Глядя на неё, Тидрек порадовался, что не только у него была тяжёлая ночь.
Форг — это судья, которого назначает сам конунг. Когда неожиданно уходит старший мастер, цех, братство или гильдия сходится на сма-тинг, чтобы выбрать нового. Форг проводит обряд и следит за соблюдением законов. Ибо "законом страна держится, беззаконием — разрушается", как говорили в древности.
Страна, а прежде всего — власть конунга.
Иное дело, что доселе никогда форгом не назначали чужака. Форгами иногда бывали женщины, ибо порою из жён законоведы получаются лучше мужей, но чтобы чужак из Верольд… Да своим же, двергам из других племён, и то не доверяли. Что заставило Исвальда-конунга совершить столь странный выбор?
Ужас — что могло заставить конунга?!
Грамота была подписана Исвальдом Свалльвиндсоном из рода Фьёрса. Печать тоже была королевской. Конечно, и то, и другое можно подделать. Но суровые бородатые дверги лишь молча переглянулись, и с тяжким вздохом отправились в Нижний Зал, в гулкой, мрачной тишине. Замыкал шествие Фрор. Он нёс Свартискёлле и бутыль мёду. Он же закрыл двери Зала, словно заживо похоронил их.
Круглая келья, где свет семи сольстайнов казался мертвенно-бледным. Круглый каменный стол, покрытый вековой пылью. Семь дубовых кресел, обшитых синим бархатом. Мастера окружили стол, Аллиэ наполнила чашу и пустила по кругу. Затем произнесла:
И лишь тогда братья заняли свои места. Аллиэ — прекрасная, как смерть в алых одеждах — стояла. Темны были её глаза, тяжек взор.
Взор, что подавлял и подчинял, как воля каменных предков.
И тогда началось то, чего Тидрек ждал, и боялся, и сердце бешено билось в груди, оглушая, словно хотело выскочить, взорваться огнём и крошевом камня, лишь бы прервать чёрное бесстыдное колдовство, надругательство…

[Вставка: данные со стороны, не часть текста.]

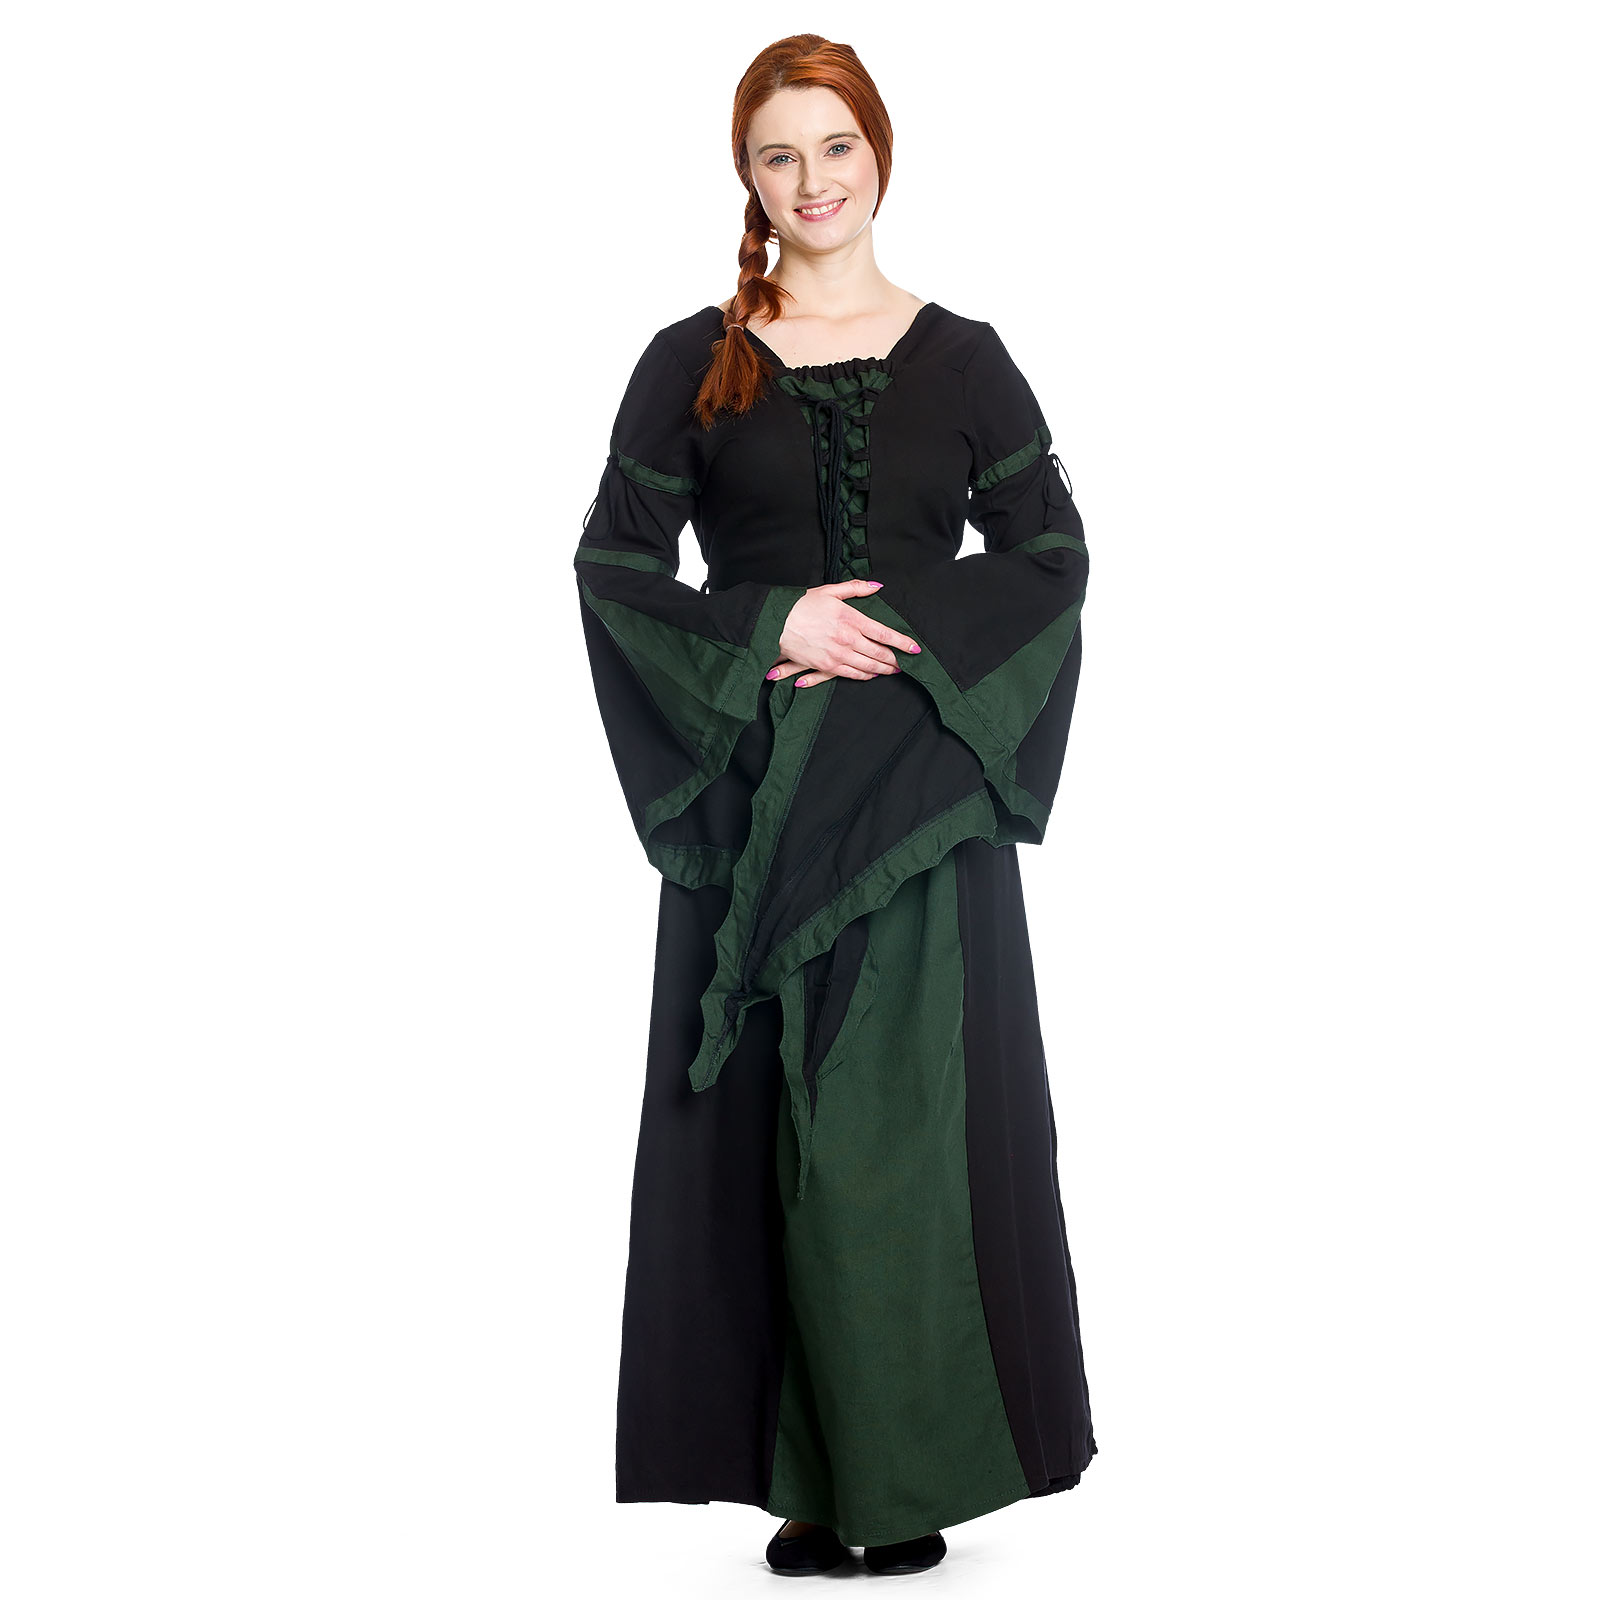 Leona - Mittelalterkleid schwarz-grün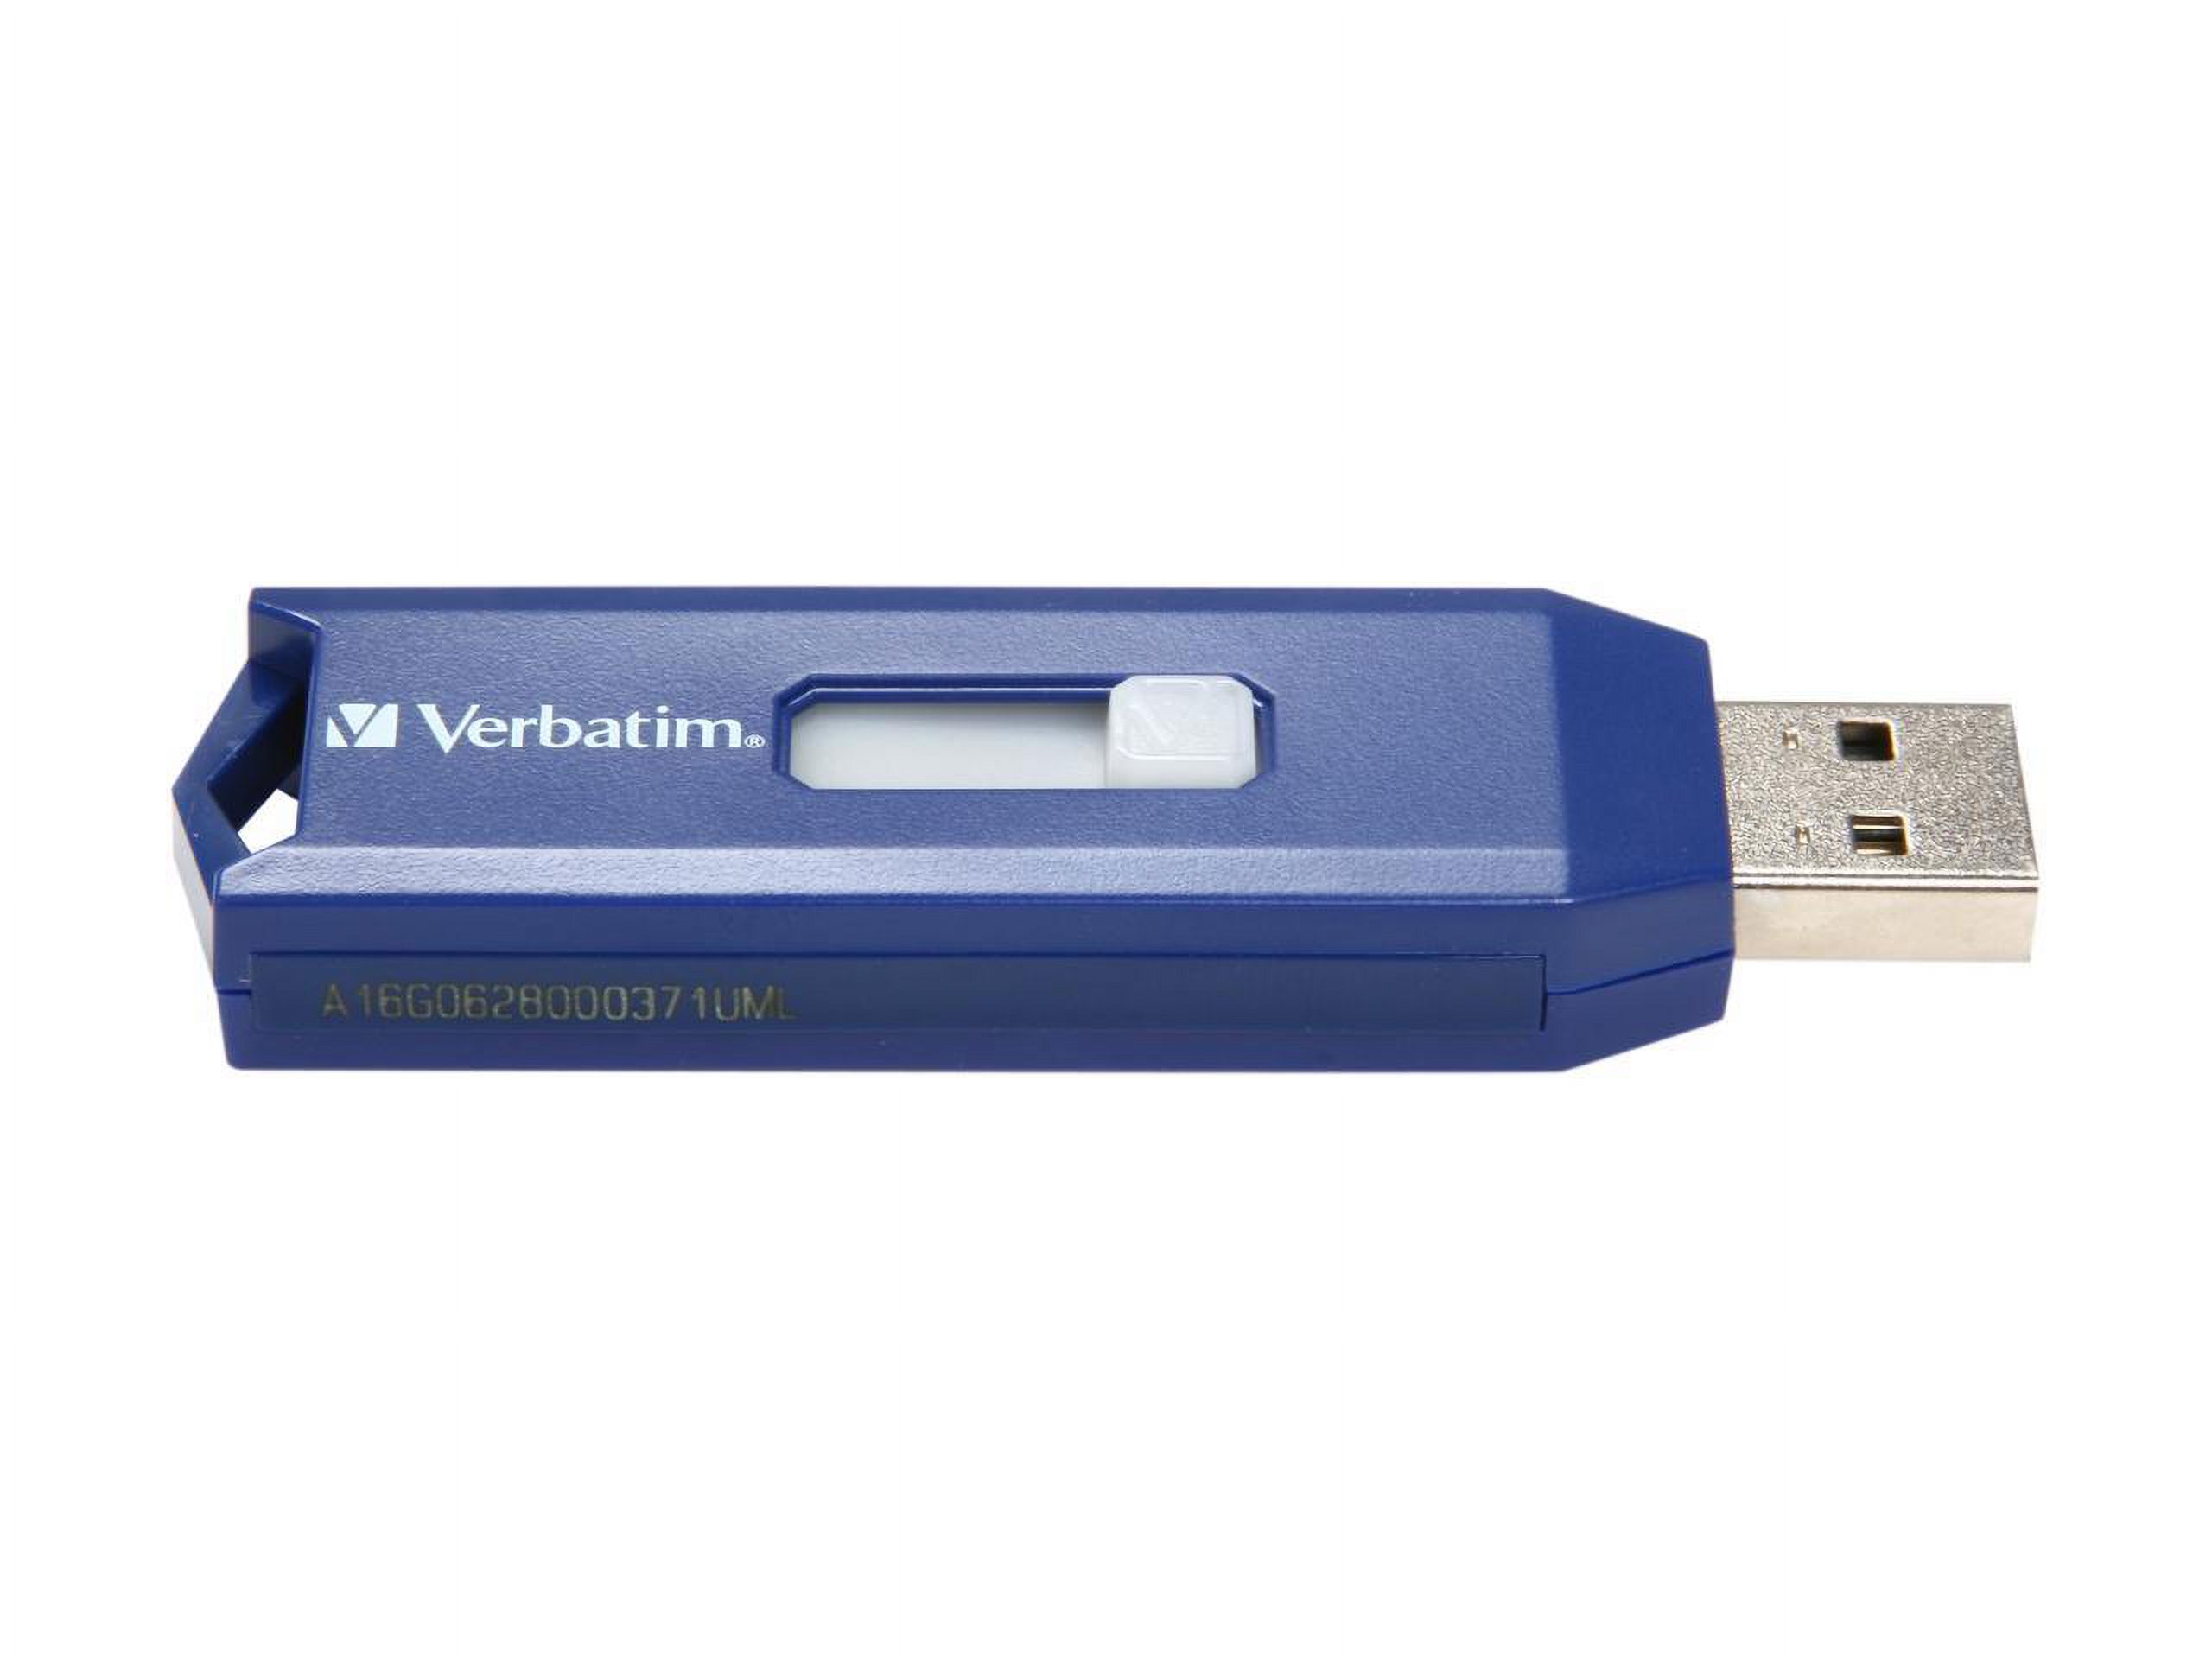 Verbatim Smart 16GB USB 2.0 Flash Drive Model 97275 - image 5 of 6

Улаф сын Сигурда, старый ювелир в жёлтом кафтане, сказал:
— Я за то, чтобы Тидрек стал ингмастером.
И ничего больше.
Глорни Спорщик пожал мощными плечами, и поддержал старика.
Свен Эйксон, юноша с добрым щетинистым лицом и большими синими глазами, возразил:
— А что не ты, Улаф? Или не добрый мастер Хальгерд? Всё же вы старше, опытнее, мудрее…
— В том-то и дело, — Хальгерд сын Ингви усмехнулся в седую бороду, — у нас, в силу возраста и мудрости, найдутся занятия поважнее. Я отдаю голос за Тидрека. Вы с Сёльви ещё слишком юны, Глорни не рвется, а сын Хильда вполне созрел. С ними станут вести дела по чести.
А Сёльви Гьюкисон рассмеялся откровенно:
— Хэй, Свен, ты что, не понял — это конец! Тидрек, веди нас в бой!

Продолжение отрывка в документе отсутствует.